True if debugging messages should be displayed during execution.

Value

Vector of approximate normed squared eigenvector loadings.

See Also

eespca,powerIteration

Examples

set.seed(1)
    # Simulate 10x5 MVN data matrix
    X=matrix(rnorm(50), nrow=10)
    # Estimate covariance matrix
    cov.X = cov(X)
    # Compute eigenvectors/values
    eigen.out = eigen(cov.X)
    v1 = eigen.out$vectors[,1]
    lambda1 = eigen.out$values[1]
    # Print true squared loadings
    v1^2
    # Compute approximate normed squared eigenvector loadings
    computeApproxNormSquaredEigenvector(cov.X=cov.X, v1=v1,
        lambda1=lambda1)

Calculates the residual matrix from the reduced rank reconstruction

Description

Utility function for computing the residual matrix formed by subtracting from X a reduced rank approximation of matrix X generated from the top k principal components contained in matrix V.

Usage

computeResidualMatrix(X,V,center=TRUE)

Arguments

X

An n-by-p data matrix whose top k principal components are contained in the p-by-k matrix V.

V

A p-by-k matrix containing the loadings for the top k principal components of X.

center

If true (the default), X will be mean-centered before the residual matrix is computed. If the PCs in V were computed via SVD on a mean-centered matrix or via eigen-decomposition of the sample covariance matrix, this should be set to true.

Value

Residual matrix.

Examples

set.seed(1)
    # Simulate 10x5 MVN data matrix
    X=matrix(rnorm(50), nrow=10)
    # Perform PCA
    prcomp.out = prcomp(X)
    # Get rank 2 residual matrix
    computeResidualMatrix(X=X, V=prcomp.out$rotation[,1:2])
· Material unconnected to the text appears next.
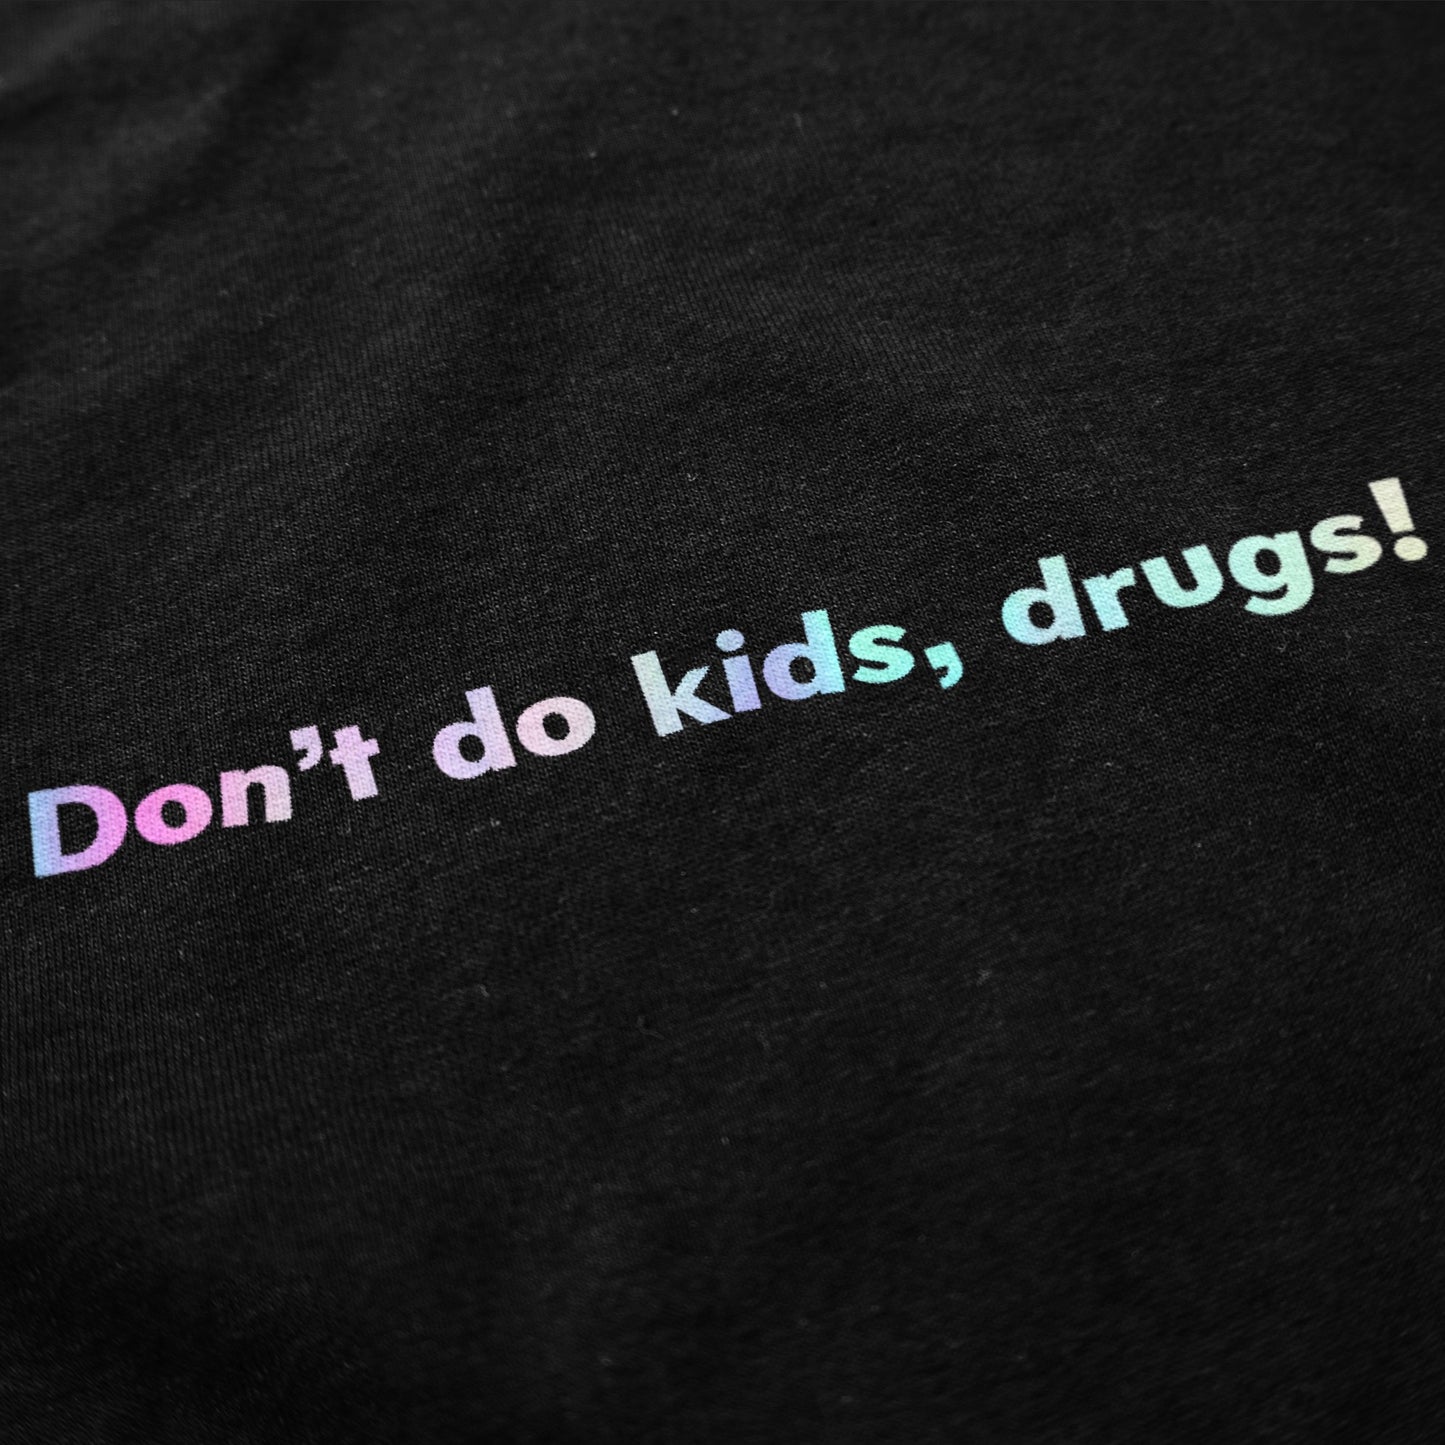 Don't Do Kids, Drugs Tee

Eigenvectors from Eigenvalues Sparse Principal Component Analysis (EESPCA)

Description

Computes the first sparse principal component of the specified data matrix using the Eigenvectors from Eigenvalues Sparse Principal Component Analysis (EESPCA) method.

Usage

eespca(X, max.iter=20, sparse.threshold, lambda.diff.threshold=1e-6, 
        compute.sparse.lambda=FALSE, sub.mat.max.iter=5, trace=FALSE)

Arguments

X

An n-by-p data matrix for which the first sparse PC will be computed.

max.iter

Maximum number of iterations for power iteration method. See powerIteration.

sparse.threshold

Threshold on loadings used to induce sparsity. Loadings below this value are set to 0. If not specified, defaults to 1/sqrt(p).

lambda.diff.threshold

Threshold for exiting the power iteration calculation. If the absolute relative difference in lambda is less than this threshold between subsequent iterations, the power iteration method is terminated. See powerIteration.

compute.sparse.lambda

If true, the sparse loadings will be used to compute the sparse eigenvalue.

sub.mat.max.iter

Maximum iterations for computation of sub-matrix eigenvalues using the power iteration method. To maximize performance, set to 1. Uses the same lambda.diff.threshold.

trace

True if debugging messages should be displayed during execution.

Value

A list with the following elements:

  • "v1": The first non-sparse PC as calculated via power iteration.

  • "lambda1": The variance of the first non-sparse PC as calculated via power iteration.

  • "v1.sparse": First sparse PC.

  • "lambda1.sparse": Variance of the first sparse PC. NA if compute.sparse.lambda is FALSE.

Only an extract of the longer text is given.